Tuesday, May 10, 2011

Vultures



March 12

Today we took a tour to Trinidad, a colonial city on the Caribbean. Throughout the drive Turkey Vultures circled in cluster after cluster. The bird for me, is a metaphor for where Cuba is going and points to the poverty of Castro's revolution. Everywhere we went things were broken. Discarded tractors rusting in fields, fallen masonry left of street corners, broken windows left unboarded. Debris is scattered everywhere.

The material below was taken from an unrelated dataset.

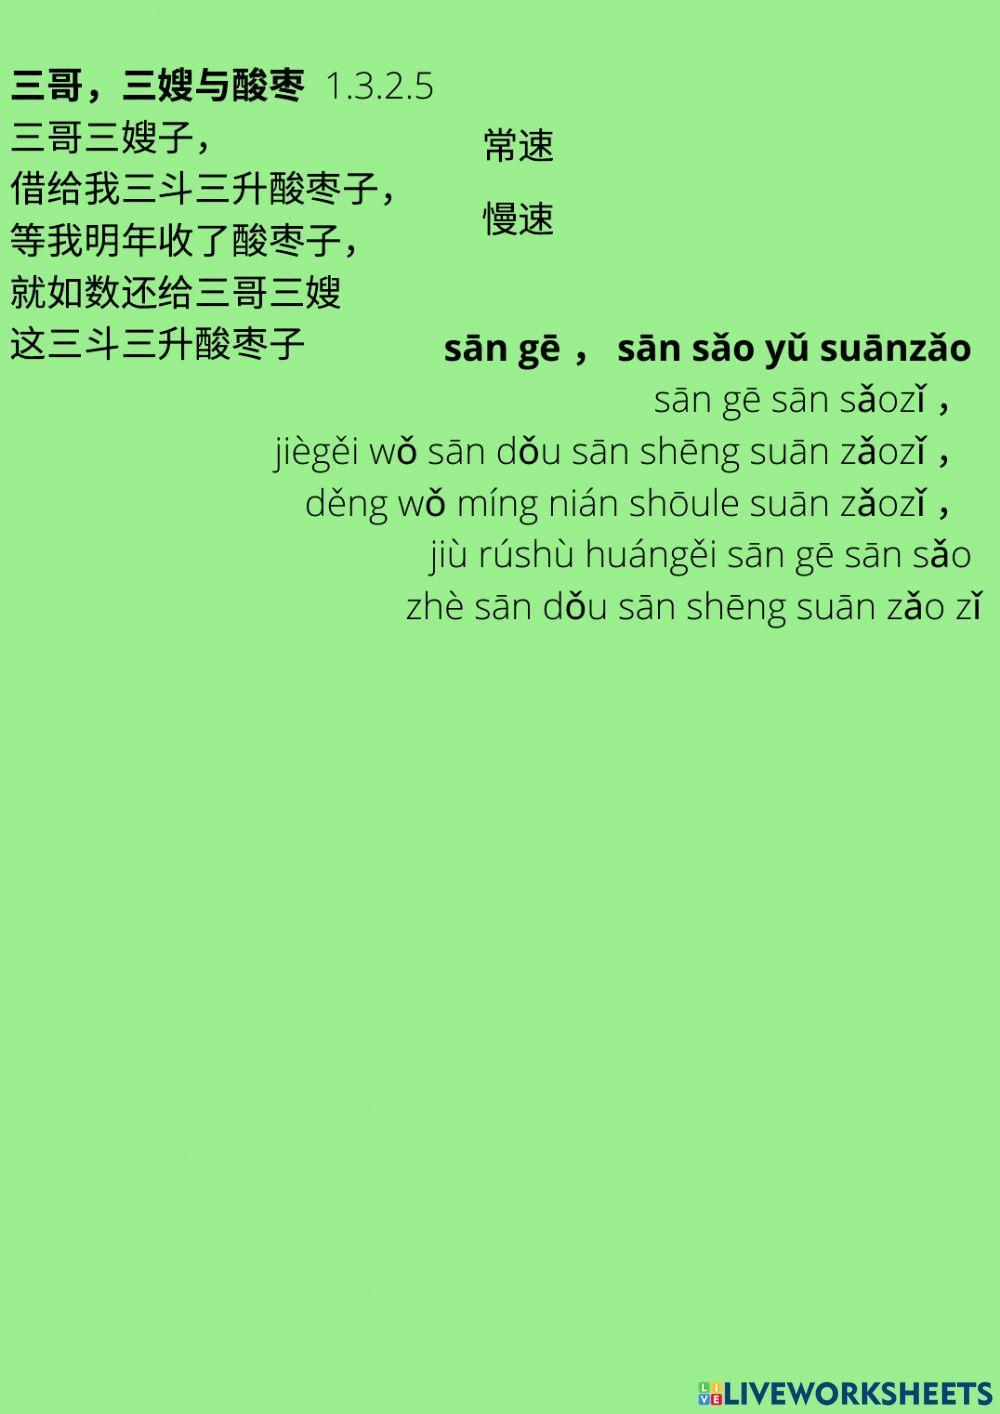 Chinese pinyin z c s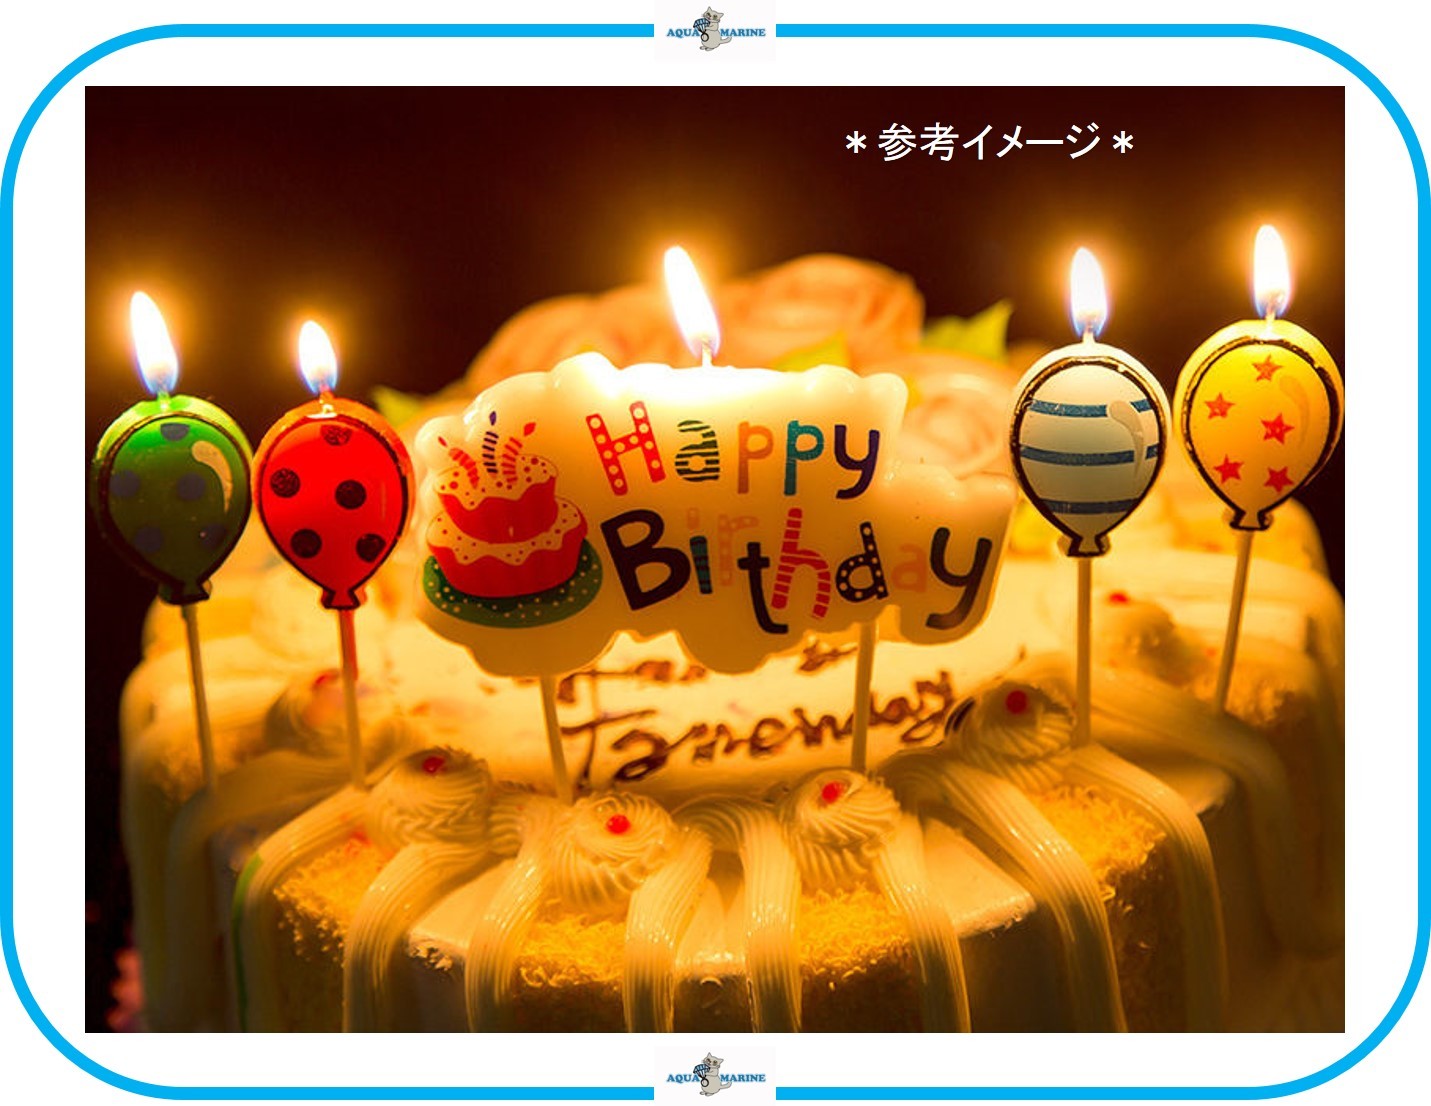 E231 Happybirthday キャンドル ロウソク バースデー ケーキ デコレーション 海外 オシャレ デザイン 誕生日 パーティー お祝い キッズ Onlineshop Aquamarine

Cuba left the modern world fifty years ago. Regardless of causes and perpetrators, the island is in an advanced state of decay. Overlooking Trinidad from the tower of the museum, the roofs of the houses look like smashed toys. Cornices have crumbled on many buildings, a great number of roof tiles were missing which created a crazy patchwork of white and red, brick railings had broken away and have never been fixed. Throughout the country cars have been left by the sides of the roads. People ride bicycles of course. But the number of horse drawn carriages were astounding, perhaps accounting for fifty percent of the transportation in the countryside. Manure covers the roads. And those discarded tractors and threshers, means that we saw farmer after farmer using a hoe.

The impact has been enormous. Cubans are shrinking. The most recent generation is shorter by as much as 3 inches from the previous generation. They are suffering debilitating diseases and conditions. Realizing this the Cuban government has instituted a national food program for youth with the objective to reverse the trend. I admire the spirit of the Cubans, but just a year and half after our last visit they suddenly seem tired and broken. Truly sad to see.

Two last images on the ride back to the hotel. Rounding a corner and caught in the dying light of the sun a boy, perhaps 12 years old, on a roof, playing a saxaphone. The brass of the instrument flashed. That is hope. And later as we approached Matanzas, the sun had become a huge fireball on the horizon. A single vulture crossed the sun, wafting, hesitating, then diving. And then the sun was gone. That is despair.